Father, who is Catholic, liked that Seton was a Catholic school but noted that the curriculum also emphasized general Christian principles, as well as secular subjects such as Darwinism and evolution. Father said that he was willing to pay Seton tuition costs. Father expressed concern about child attending Berea Independent due to Mother’s pending criminal charges in Berea for second-degree animal cruelty. Because Berea is a small community, Father worried child could be stigmatized, even if Mother was acquitted.

Mother testified that Berea Independent was her primary choice because it was less than a mile from her work, was in a small town, and was where she went to school as a child. She also liked that it provided a K-12 grade education in one place and liked the open classroom layout of the school. Mother, who is Baptist, was not comfortable with child attending a Catholic school and preferred that child attend a secular school.

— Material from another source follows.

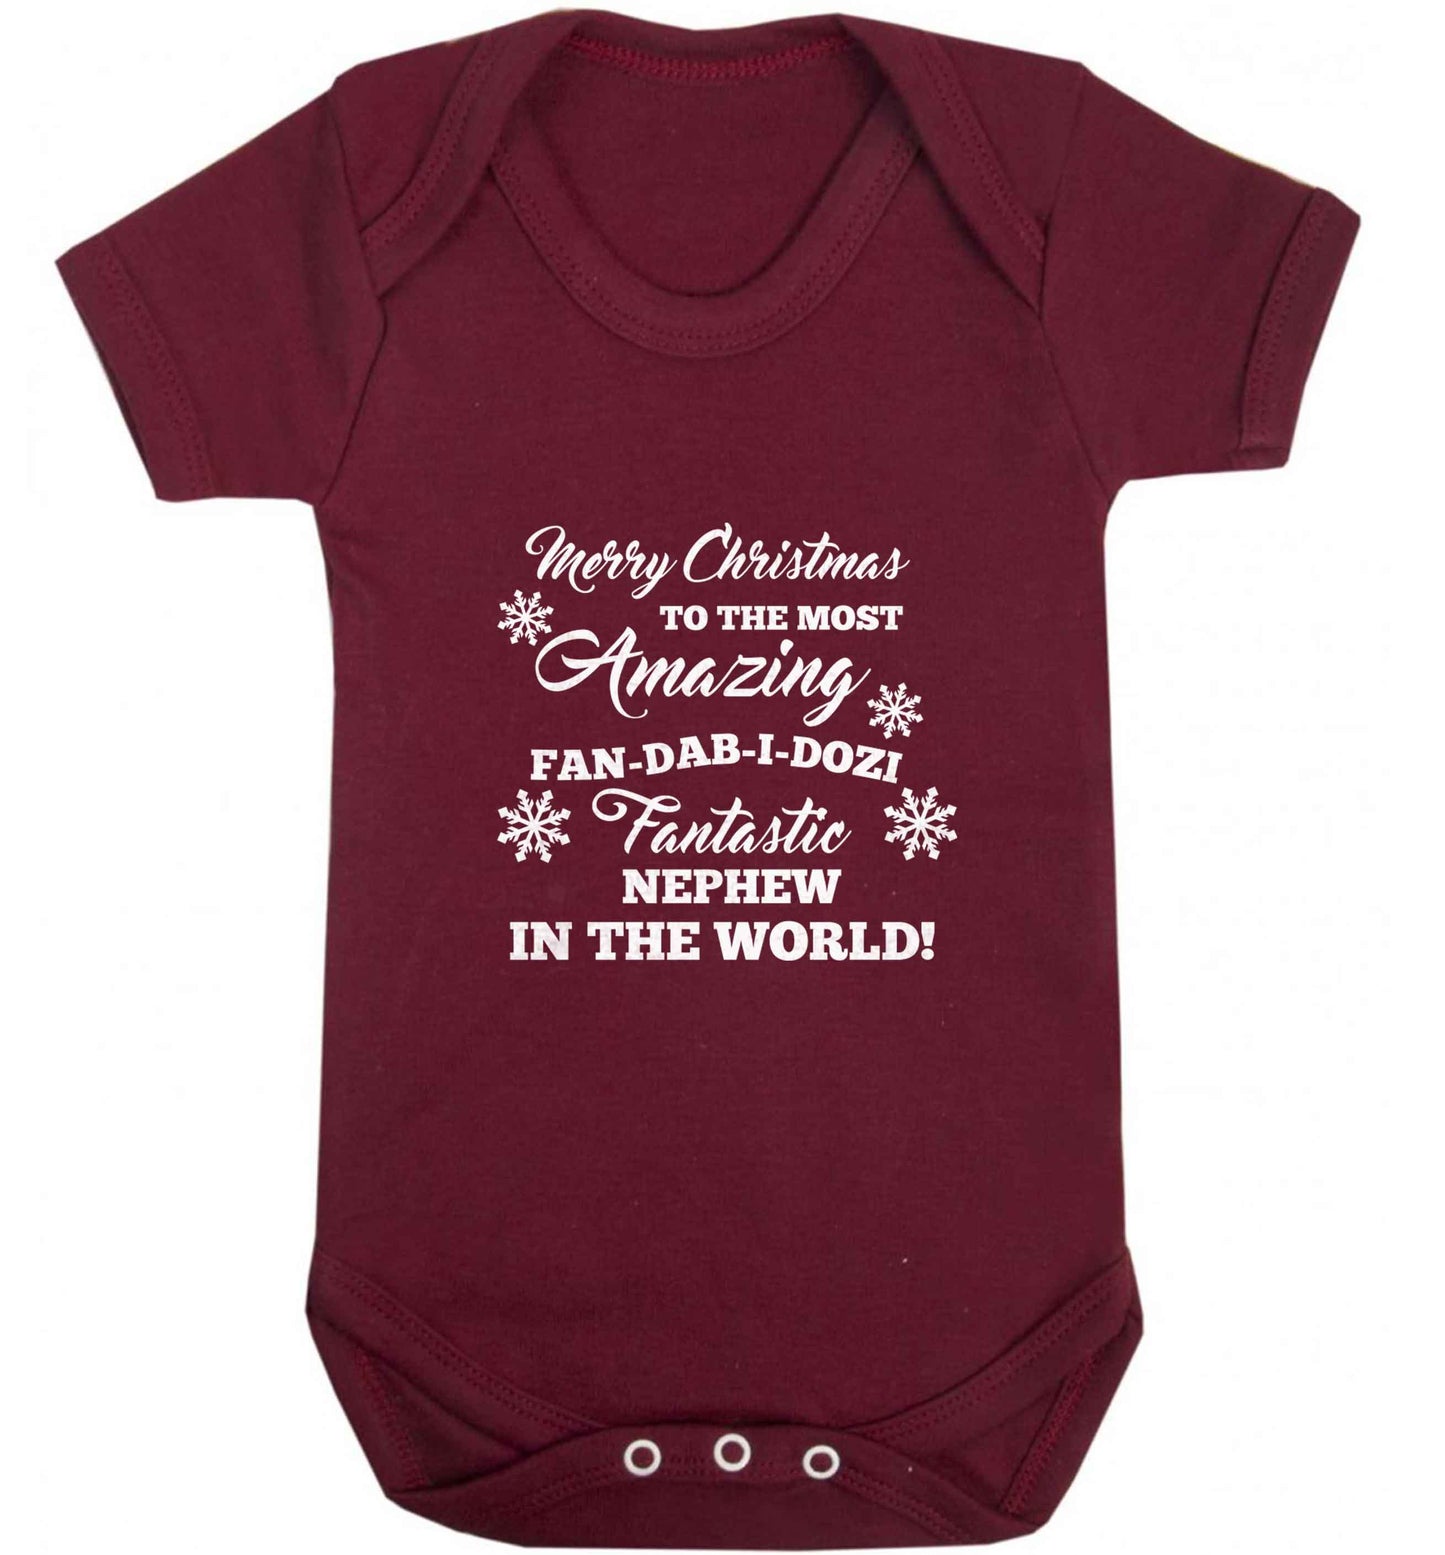 Merry Christmas to the most amazing fan-dab-i-dozi fantasic Nephew in the world baby vest maroon 18-24 months

Following the hearing, the trial court entered detailed findings of fact, concluding that it was in child’s best interest to attend Seton. The trial court cited Young v. Holmes (Ky. App. 2009), for its authority to order child to attend a parochial school, and noted that the religious aspect of Seton was only one factor why, among many, as to Father preferred Seton. The court listed other, non-religious reasons supporting Father’s school choice including Seton’s later start time, the teacher-to-student ratio, its academic programs, and on-site childcare, just to name a few.

The court further explained its ruling, stating

The Court believes that [child] may experience negative social consequences as a result of [Mother]’s pending animal cruelty case, even if [Mother] is not found guilty, given that Berea is a small community and the family’s business could be talked about locally as a result of the upcoming trial. Further, if [Mother] is given jail time of up to a year, the child would be going to school in a town 35-45 minutes away from [Father]which is not fair to [child] or [Father].

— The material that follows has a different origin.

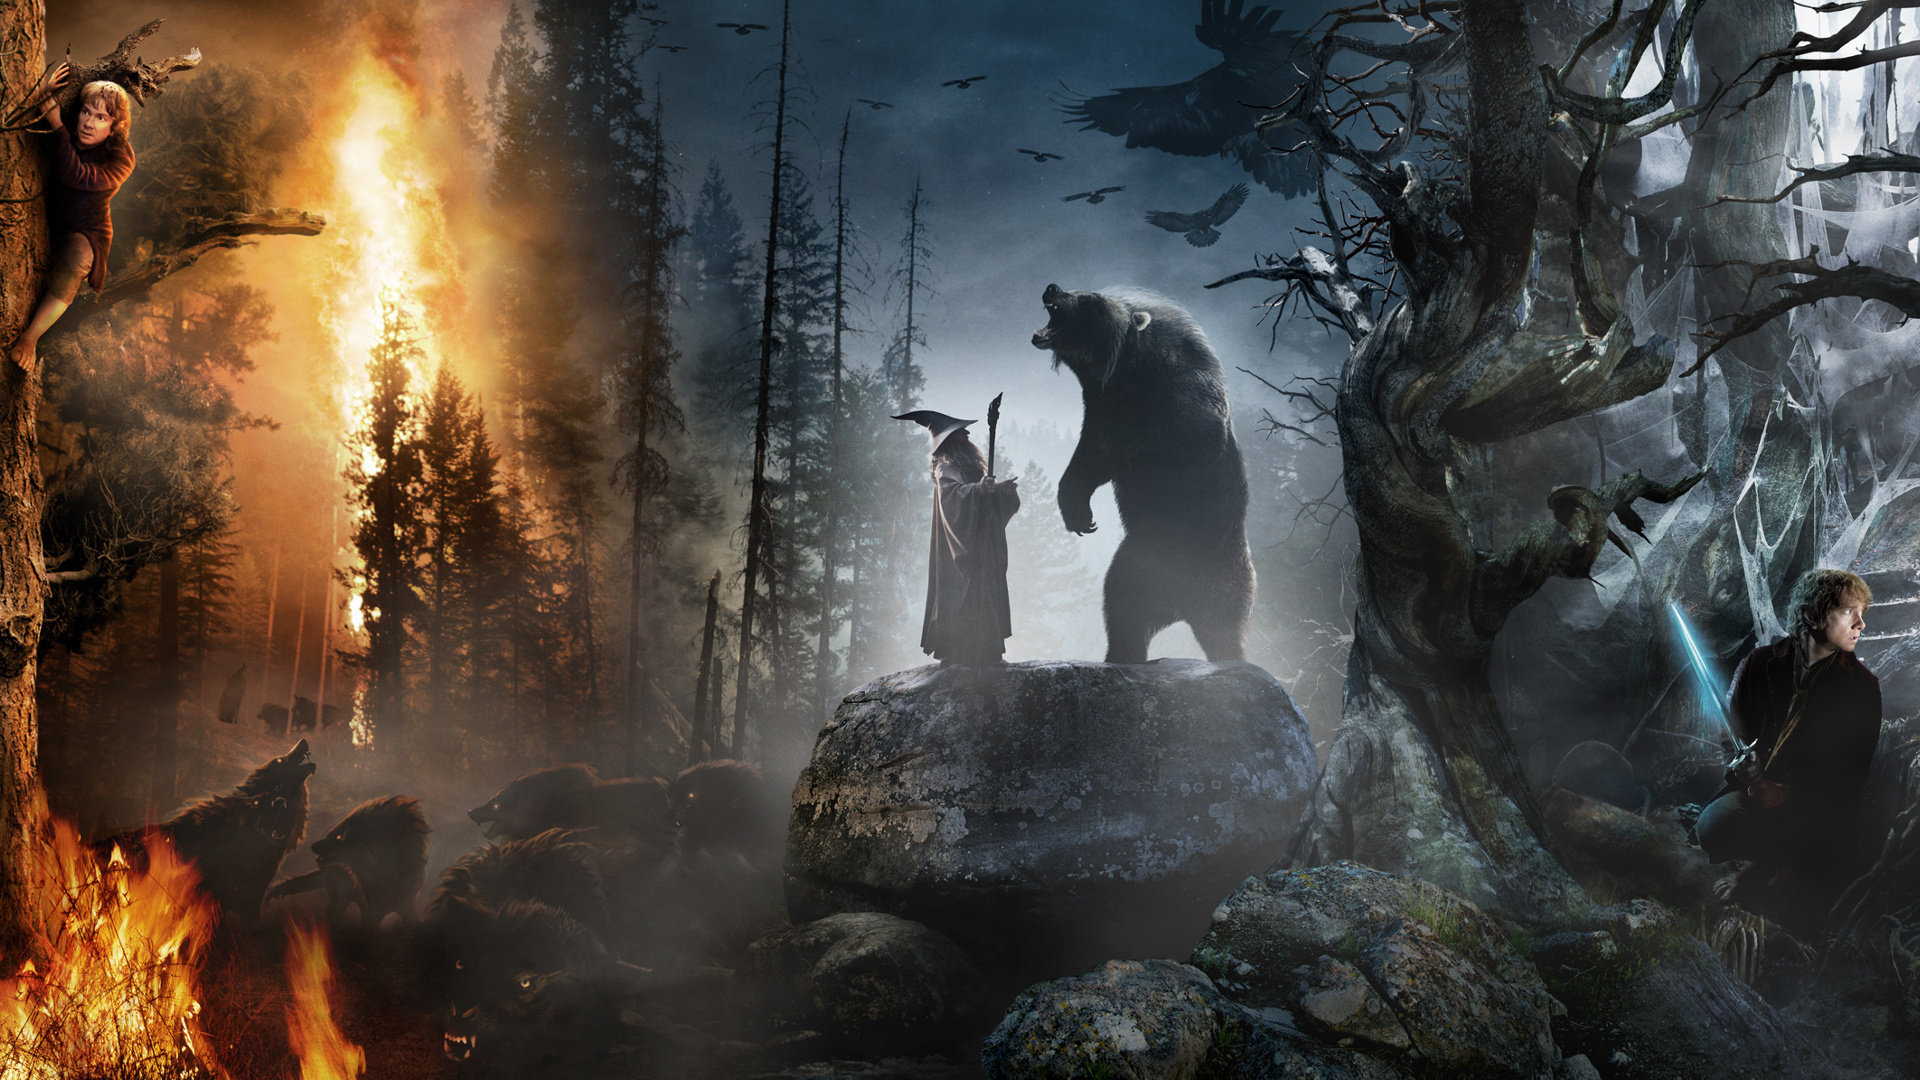 Download full hd 1920x1080 The Hobbit: An Unexpected Journey desktop background ID:463966 for free

The court concluded that “[s]ending [child] to a Catholic school does not violate the First Amendment rights of [Mother]as the Court’s decision is not based upon religious interests, and such impropriety cannot be presumed merely because the school selected had a religious connotation in addition to its academic offerings[,]” again citing Young. This appeal followed.

Mother argues on appeal that the trial court’s order compels her to send her child to a school she is conscientiously opposed to in violation of her constitutional rights …. The trial court correctly determined that the proper standard when making a significant decision concerning a child’s upbringing, such as where it will attend school, is the best interests of the child….:

If … the parties to a joint custody agreement are unable to agree on a major issue concerning their child’s upbringing, the trial court, with its jurisdiction over custody matters, must conduct a hearing to evaluate the circumstances and resolve the issue according to the child’s best interest. Once the parents have abdicated their role as custodians to the trial court, its decision is binding on the parties until it is shown that the decision is detrimental to the child physically or emotionally, or is no longer in his best interest.

“As to what constitutes the best interest of the child, any factual findings are reviewed under the clearly erroneous standard; any decisions based upon said facts are reviewed under an abuse of discretion standard.” … [S]Obstantial evidence supports the trial court’s decision that sending child to Seton is in child’s best interest. The trial court specifically mentioned the school’s proximity to the interstate, its later start time, its teacher-to-student ratio, its on-site aftercare program, and the fact that a child would know other students attending Seton. Perhaps most importantly, the trial court felt it was not in child’s best interest to attend Berea Independent because of the possibility that child might experience negative social stigma due to Mother’s pending animal cruelty case in Berea.

Further, the trial court specifically noted its decision was not based upon religious interests. Mother “bear[s] the burden of proving that the decision of the trial court was based upon religious interests and such imppriety [will] not be presumed simply because the school selected had a religious connotation in addition to its academic offerings.” Young. We find no error.

Congratulations to Ann D’Ambruoso, who represented the father.